Page 64 of Secrets & Sake

“Way to put that on me!” I throw up my arms and pace. Shakes rack my body. There’s no time to panic. I’ve got a werewolf to save. Shoving my panic aside, I race into the bathroom and tear the room apart until I find what I need. Bandages. Antiseptic. Pliers. Fuck me, man…

There’s a crash. In the living room, Raiden has fallen face down. My legs turn to jelly, and I collapse at his side and roll him over. “Raiden? Raiden! Don’t you dare fucking die on me! I’m not going to therapy because of you! You hear? Wake up!” Tears sting my eyes. I slap him. Hard.

He jolts, snarling up at me, but it lacks glowing eyes and fangs.

I’m not a doctor. I have no idea what I’m doing. I hope his healing will make up for any mistakes I make.

I pull on some gloves and rest my fingers near the angry wound oozing red and something nasty and inky-black. Raiden’s chest rises fast. I grab his hand and squeeze. “This is gonna hurt.”

“S’okay,” he croaks. “I don’t mind if it’s you.”

My heart squeezes. “Do you trust me?”

He holds my gaze, eyes bright with pain and fear. Raiden nods. “Y-yeah. I do.”

I kiss his cold fingers and swallow the lump in my throat. “Remember that before you take my head off, okay?”

Here goes nothing…

Chapter 18

Itrust Hiro.

Even as excruciating pain tears through me and I writhe and claw at the ground with blunt nails, and I grab the back of his jacket and clutch on for dear life. Tears burn my eyes, and I gnash my teeth against the agony.

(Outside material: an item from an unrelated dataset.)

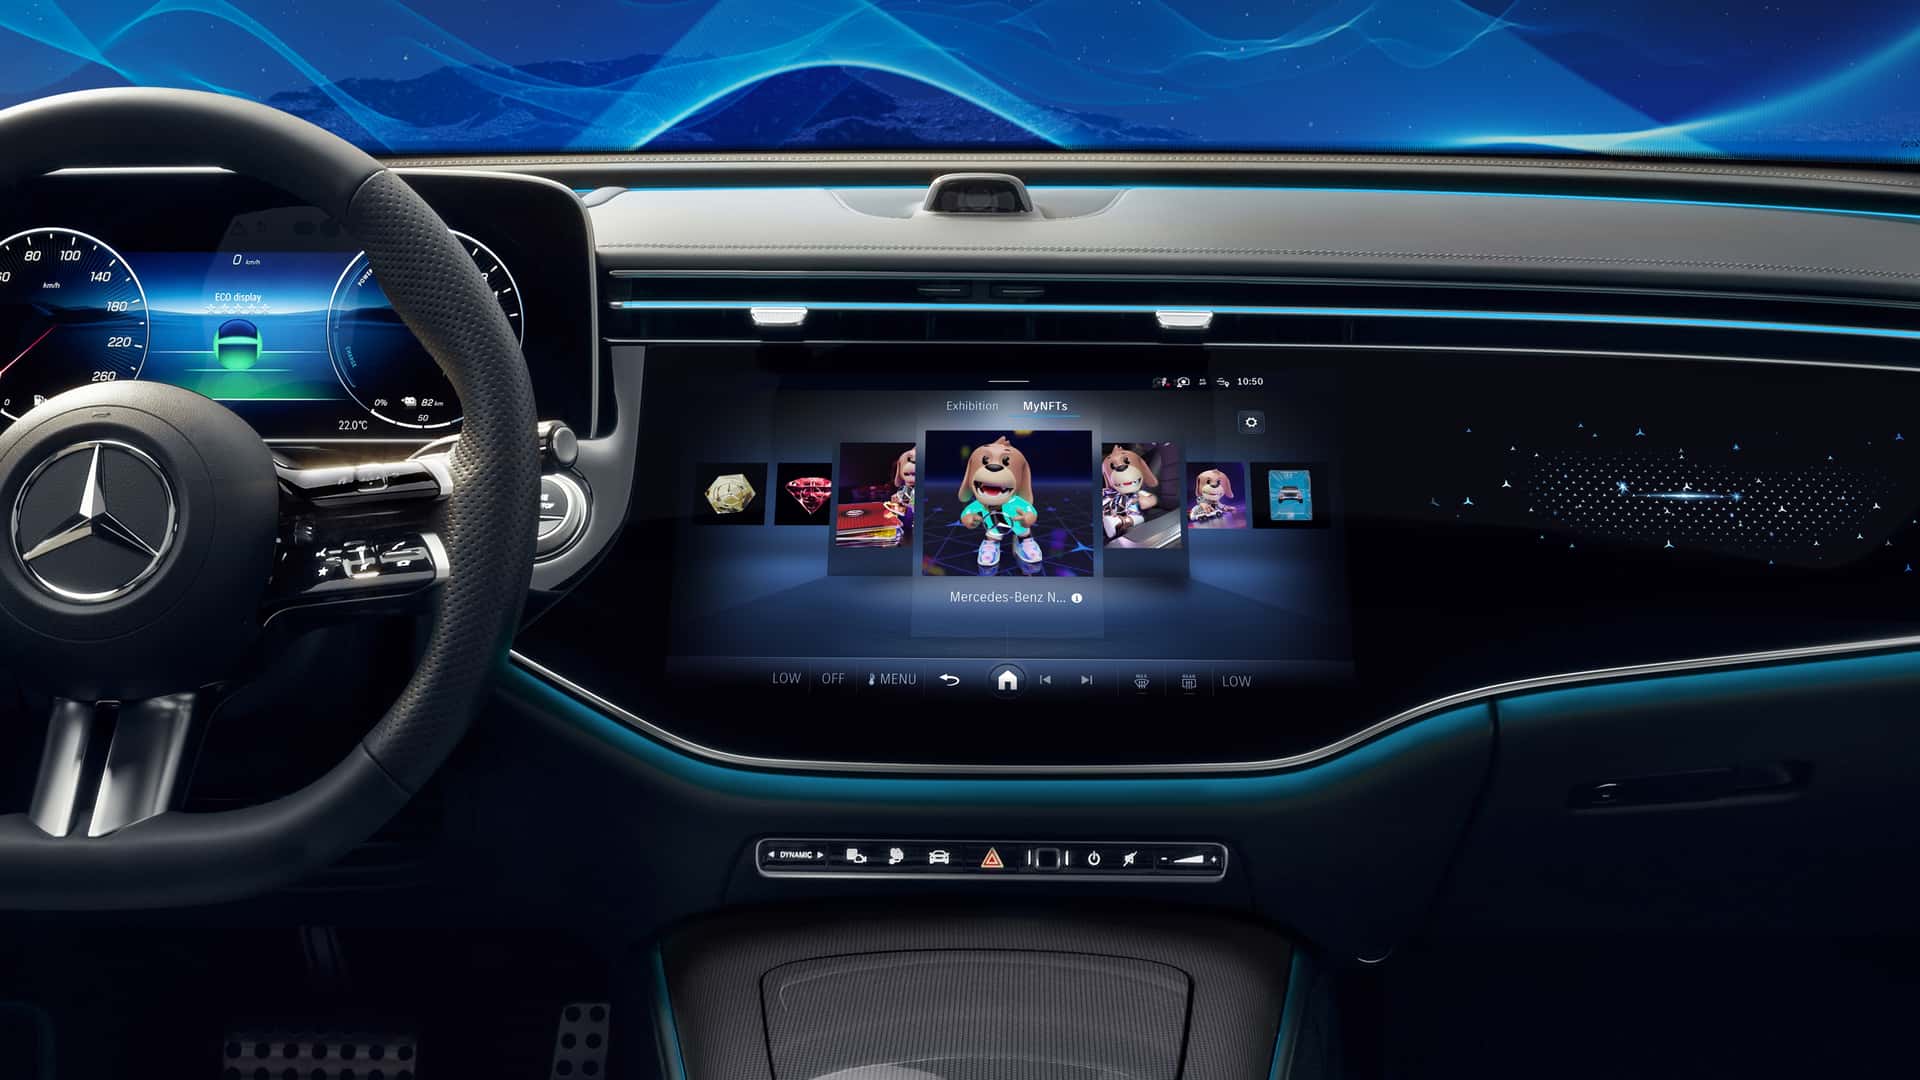 مرسيدس تكشف عن الجيل الجديد من نظام التشغيل لسياراتها بتقنيات مبتكرة جديدة 9

“I know. I know. I’m so sorry,” Hiro says again and again as he hurts me.

I wish I could tell him it’s okay, but the pain whites everything out.

I can count the people I trust on one hand. People I’ve known all my life who earned their spot there. I’ve known Hiro for such a short time, but I trust him completely.

My life’s in his hands, and I’m fine with that. I mean, if I died, I’d feel bad traumatizing him like that, but I have hope that I’ll make it out the other side of this. If I have to die, it’s okay, as long as I’m with him. I’m where I’m meant to be.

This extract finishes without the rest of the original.